Considering Tehran’s principled skepticism towards any diplomatic effort that extends beyond the nuclear—which will only further increase in case a more conservative government emerges from the upcoming Iranian elections—Washington should heed these demands. It is certainly better to have Russia in the process than to leave it out in the cold. Though Moscow’s stance on Iran’s regional activities might be ambivalent, Russian competition with Iran in Syria, as well as their military-defense cooperation, will afford Washington limited opportunities to rely on Russian leverage-plays with Tehran—particularly if other dimensions of the U.S.-Russia relationship will become less hostile. Still, Biden’s diplomats should go to Moscow with their eyes wide open to the constraints in getting it to act against Tehran.

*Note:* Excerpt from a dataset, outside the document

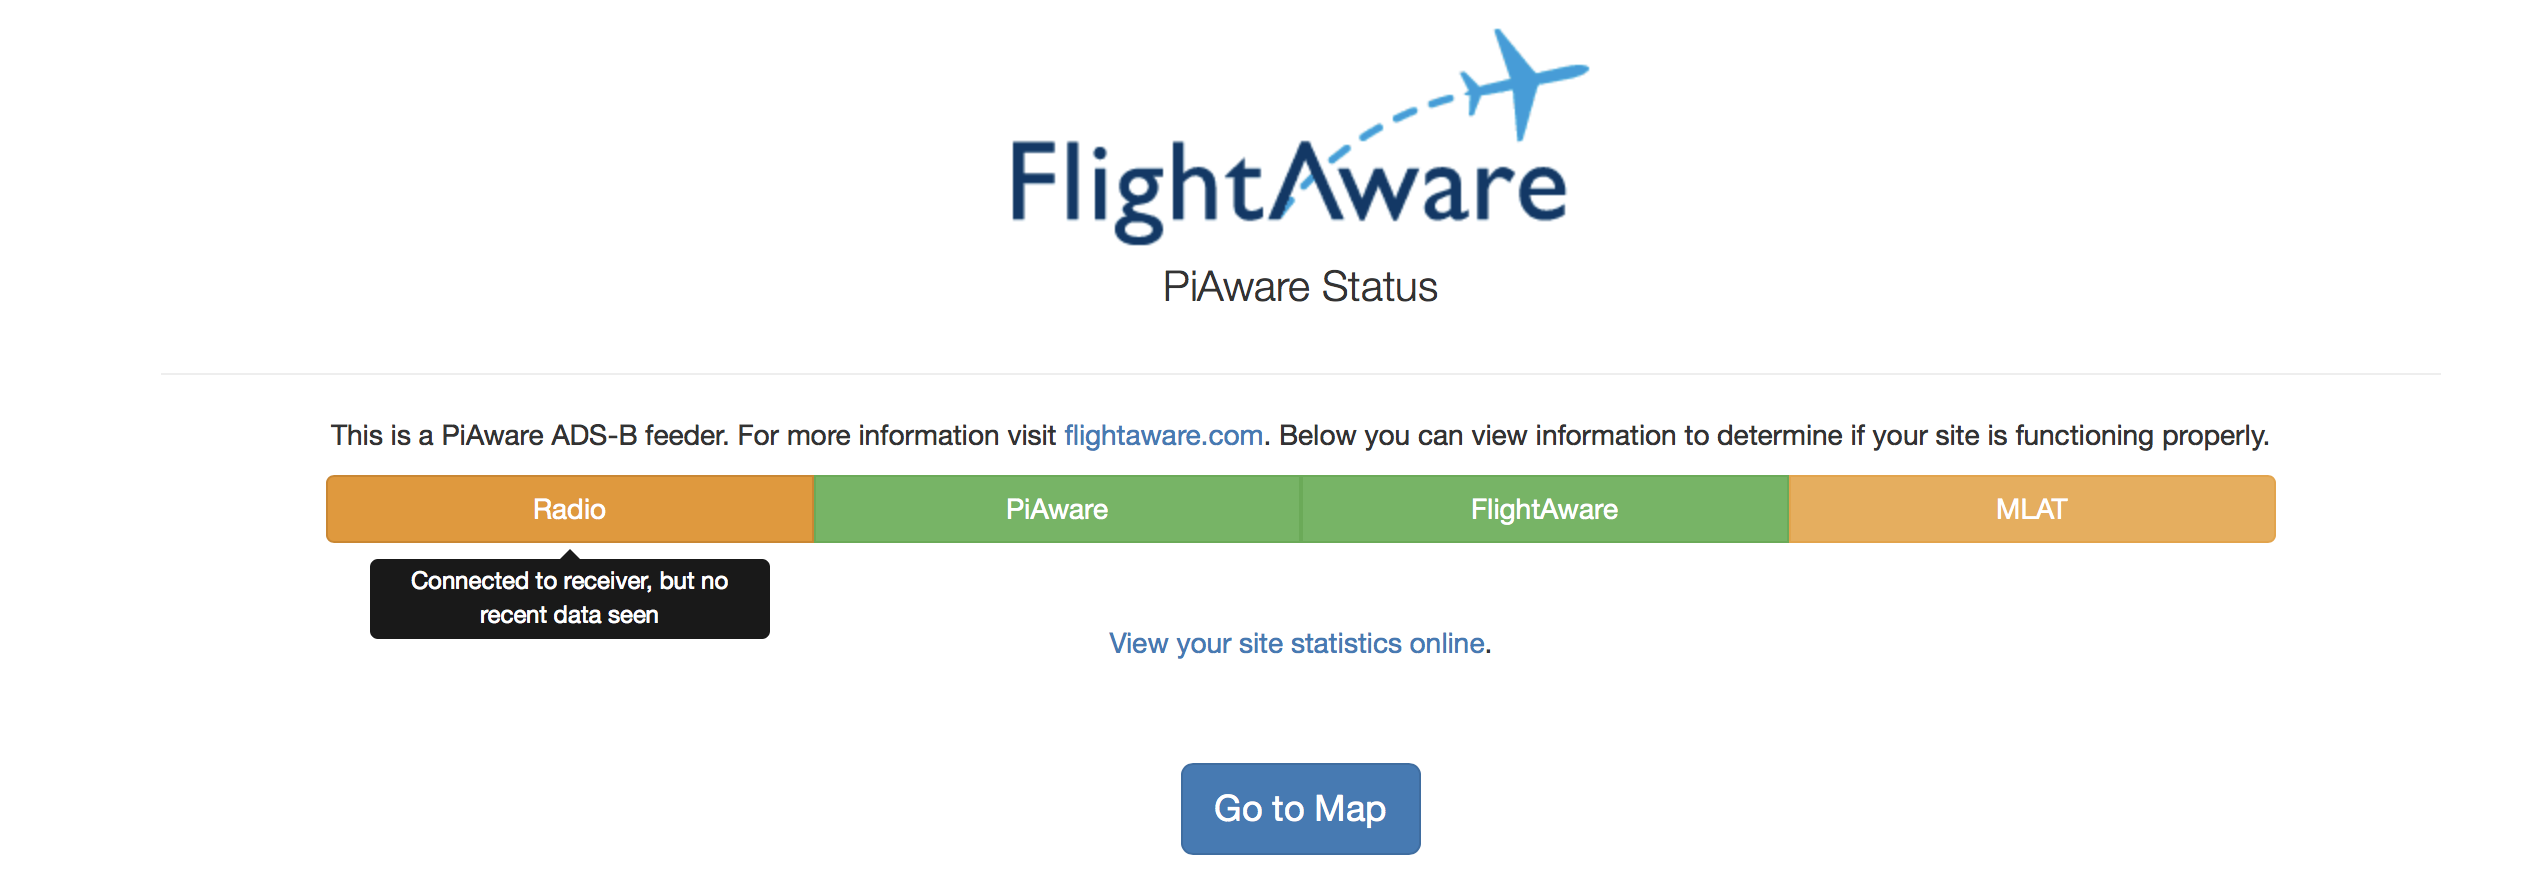 FlightAware Radio failed

Hanna Notte, PhD, is a Senior Non-Resident Scholar with the James Martin Center for Nonproliferation Studies (CNS). She is an expert on security and arms control issues related to Russia and the Middle East and was Senior Political Officer with The Shaikh Group, an NGO conducting Track II and informal diplomacy in the Middle East (2017-2020). On Twitter: @HannaNotte

Hamidreza Azizi, PhD, is an Alexander von Humboldt fellow at the German Institute for International and Security Affairs in Berlin. He was an assistant professor of regional studies at Shahid Beheshti University (2016-2020) and a guest lecturer at the department of regional studies at the University of Tehran (2016-2018). On Twitter: @HamidRezaAz

Image: Reuters.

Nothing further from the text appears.